- _DIRECTIONS_:
Copy each line below exactly and leave the pictures out.

- _RECORDED INFORMATION_:
%%

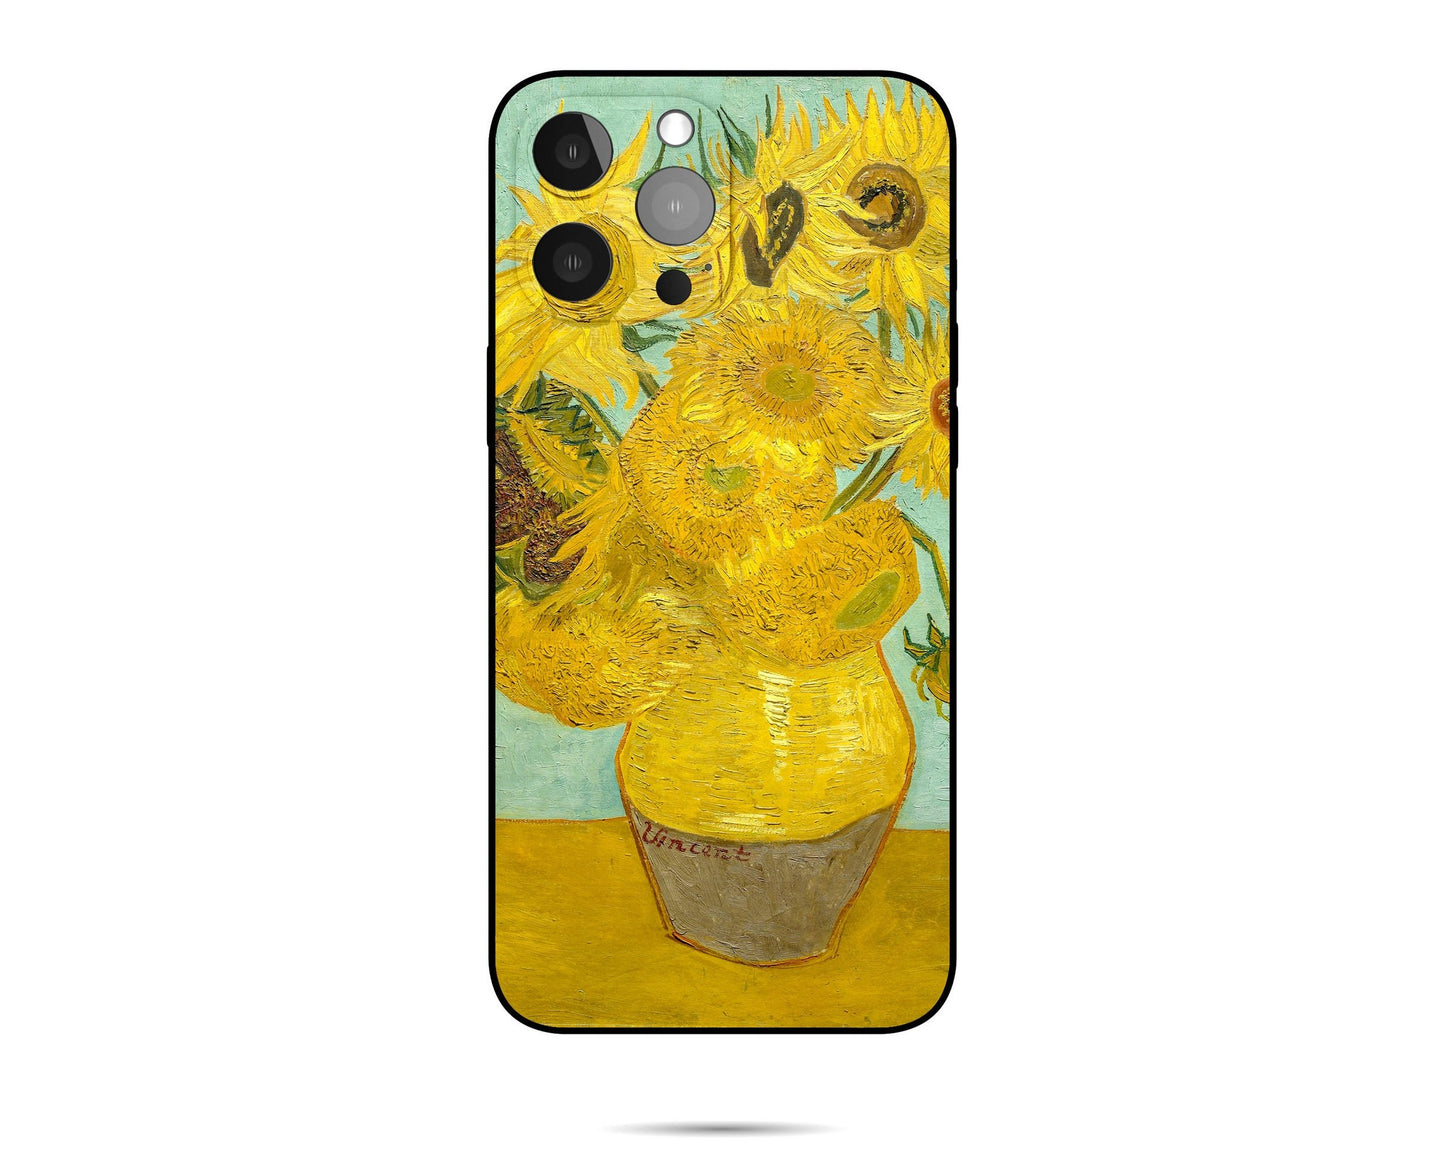 Vincent Van Gogh Iphone 14 Case, Iphone 11, Iphone Xr Case, Iphone 8 Plus Case Art, Designer Iphone Case, Gift For Her, Iphone Case Silicone
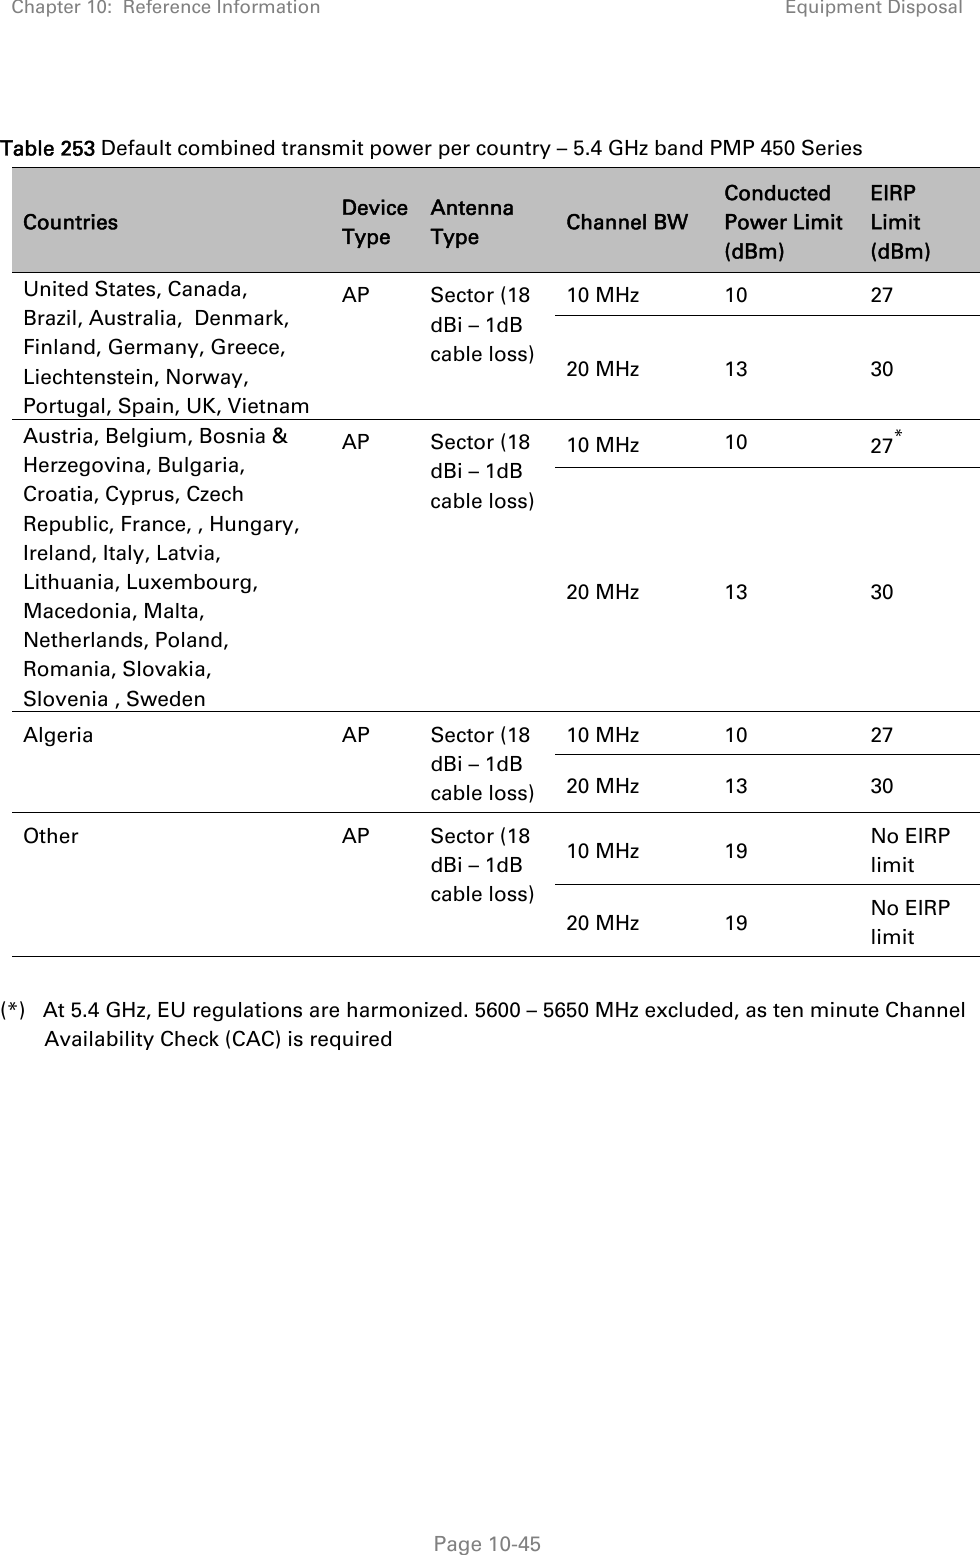 Chapter 10:  Reference Information Equipment Disposal   Page 10-45  Table 253 Default combined transmit power per country – 5.4 GHz band PMP 450 Series  Countries  Device Type Antenna Type  Channel BW Conducted Power Limit (dBm) EIRP Limit (dBm) United States, Canada, Brazil, Australia,  Denmark, Finland, Germany, Greece, Liechtenstein, Norway, Portugal, Spain, UK, Vietnam AP Sector (18 dBi – 1dB cable loss) 10 MHz  10  27 20 MHz  13  30 Austria, Belgium, Bosnia &amp; Herzegovina, Bulgaria, Croatia, Cyprus, Czech Republic, France, , Hungary, Ireland, Italy, Latvia, Lithuania, Luxembourg, Macedonia, Malta, Netherlands, Poland, Romania, Slovakia, Slovenia , Sweden AP Sector (18 dBi – 1dB cable loss) 10 MHz  10  27* 20 MHz  13  30 Algeria AP Sector (18 dBi – 1dB cable loss) 10 MHz  10  27 20 MHz  13  30 Other AP Sector (18 dBi – 1dB cable loss) 10 MHz  19  No EIRP limit 20 MHz  19  No EIRP  limit  (*)   At 5.4 GHz, EU regulations are harmonized. 5600 – 5650 MHz excluded, as ten minute Channel Availability Check (CAC) is required   
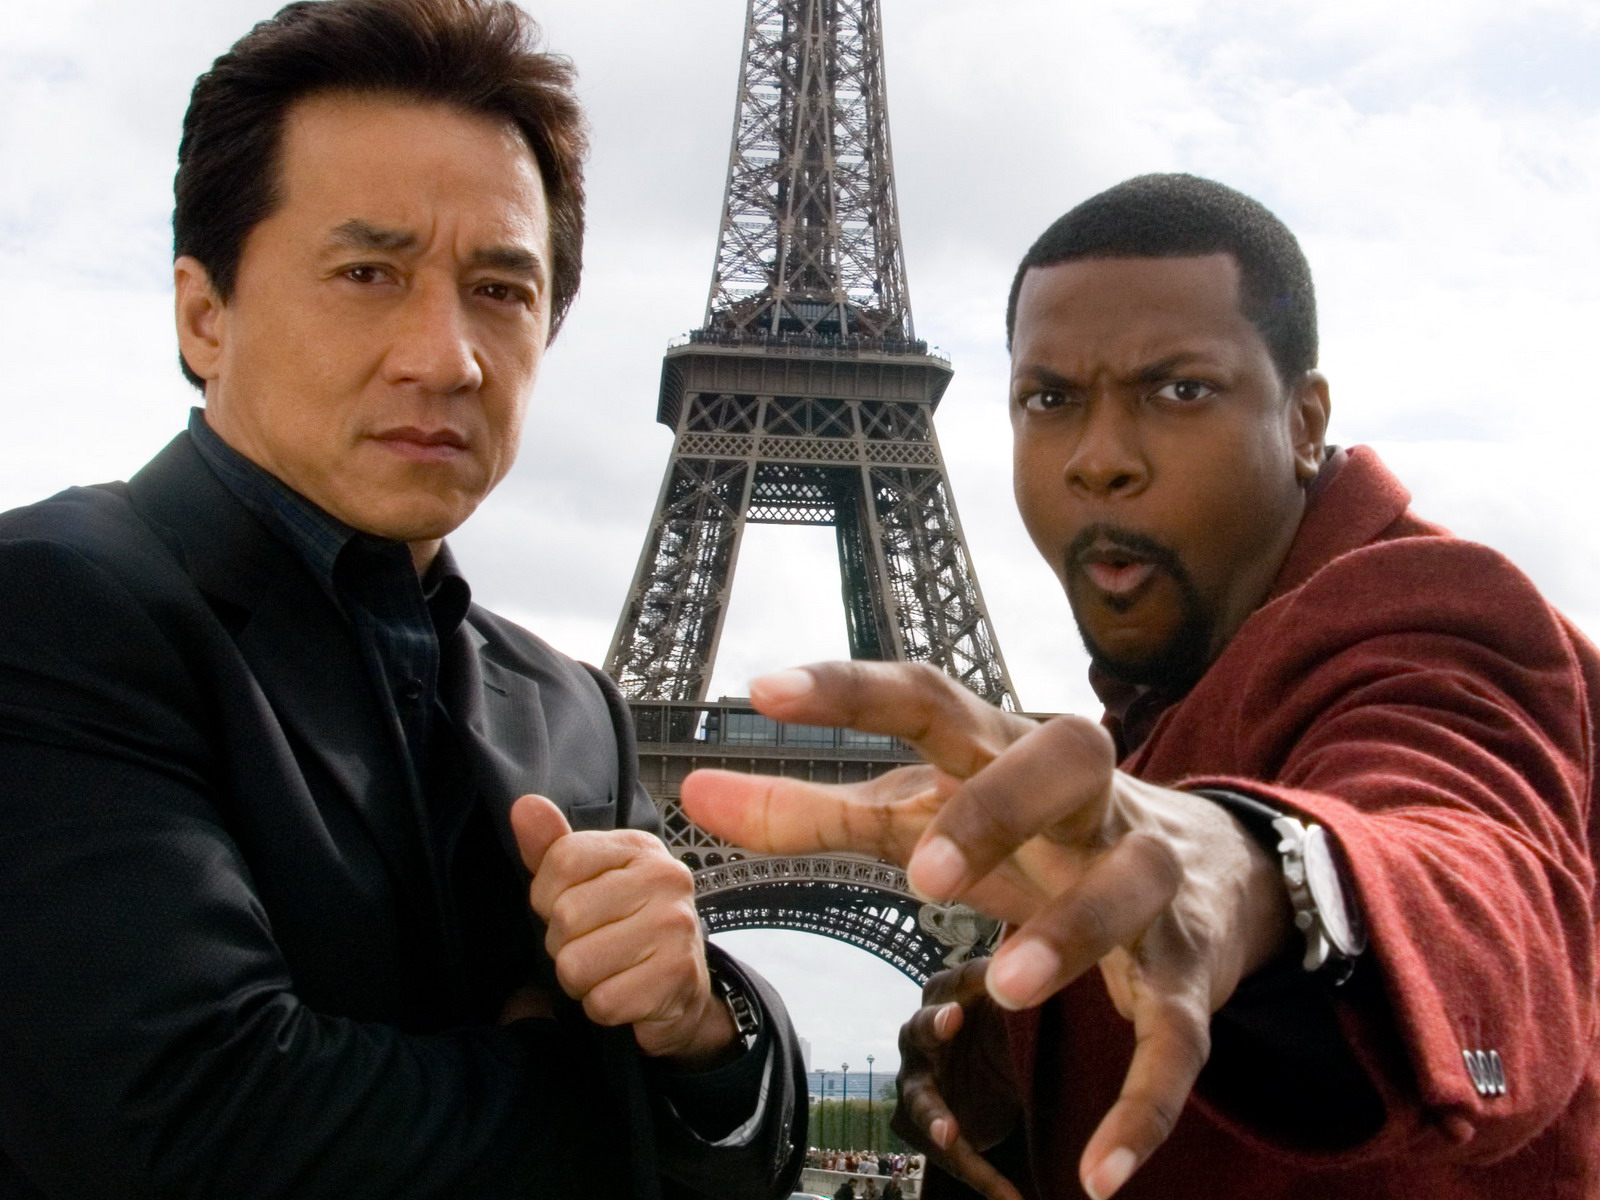 The Source. Rush Hour Is Making A Return To The (Small) Screen
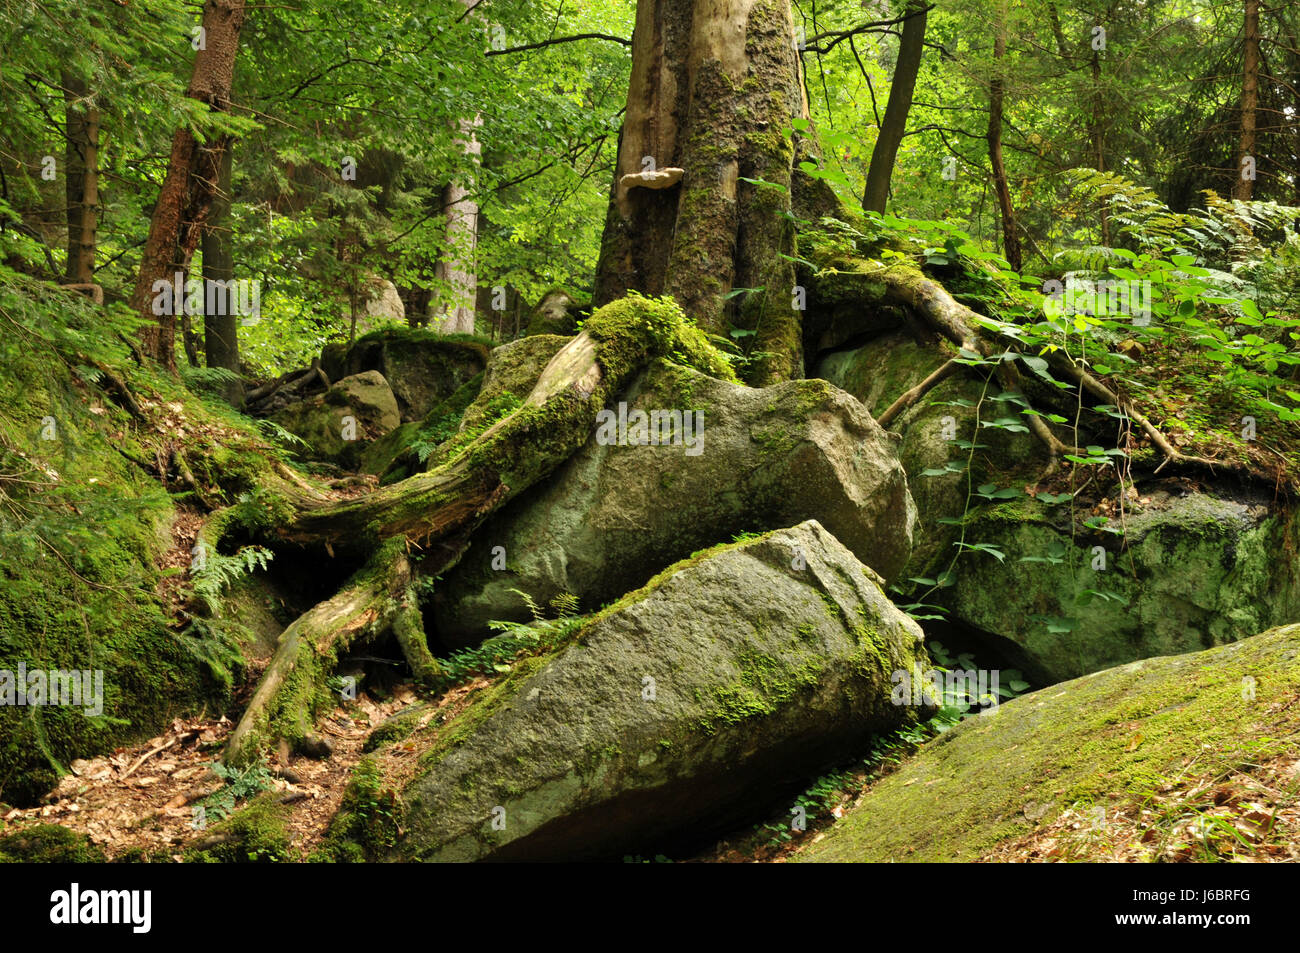 virgin forest rock mystic clasp forest tree root book leaf tree trees strong Stock Photo

%%

- _RESPONSE TO THE TASK_:
 Vincent Van Gogh Iphone 14 Case, Iphone 11, Iphone Xr Case, Iphone 8 Plus Case Art, Designer Iphone Case, Gift For Her, Iphone Case Silicone
 Chapter 10:  Reference Information Equipment Disposal   Page 10-45  Table 253 Default combined transmit power per country – 5.4 GHz band PMP 450 Series  Countries  Device Type Antenna Type  Channel BW Conducted Power Limit (dBm) EIRP Limit (dBm) United States, Canada, Brazil, Australia,  Denmark, Finland, Germany, Greece, Liechtenstein, Norway, Portugal, Spain, UK, Vietnam AP Sector (18 dBi – 1dB cable loss) 10 MHz  10  27 20 MHz  13  30 Austria, Belgium, Bosnia &amp; Herzegovina, Bulgaria, Croatia, Cyprus, Czech Republic, France, , Hungary, Ireland, Italy, Latvia, Lithuania, Luxembourg, Macedonia, Malta, Netherlands, Poland, Romania, Slovakia, Slovenia , Sweden AP Sector (18 dBi – 1dB cable loss) 10 MHz  10  27* 20 MHz  13  30 Algeria AP Sector (18 dBi – 1dB cable loss) 10 MHz  10  27 20 MHz  13  30 Other AP Sector (18 dBi – 1dB cable loss) 10 MHz  19  No EIRP limit 20 MHz  19  No EIRP  limit  (*)   At 5.4 GHz, EU regulations are harmonized. 5600 – 5650 MHz excluded, as ten minute Channel Availability Check (CAC) is required   
 The Source. Rush Hour Is Making A Return To The (Small) Screen
 virgin forest rock mystic clasp forest tree root book leaf tree trees strong Stock Photo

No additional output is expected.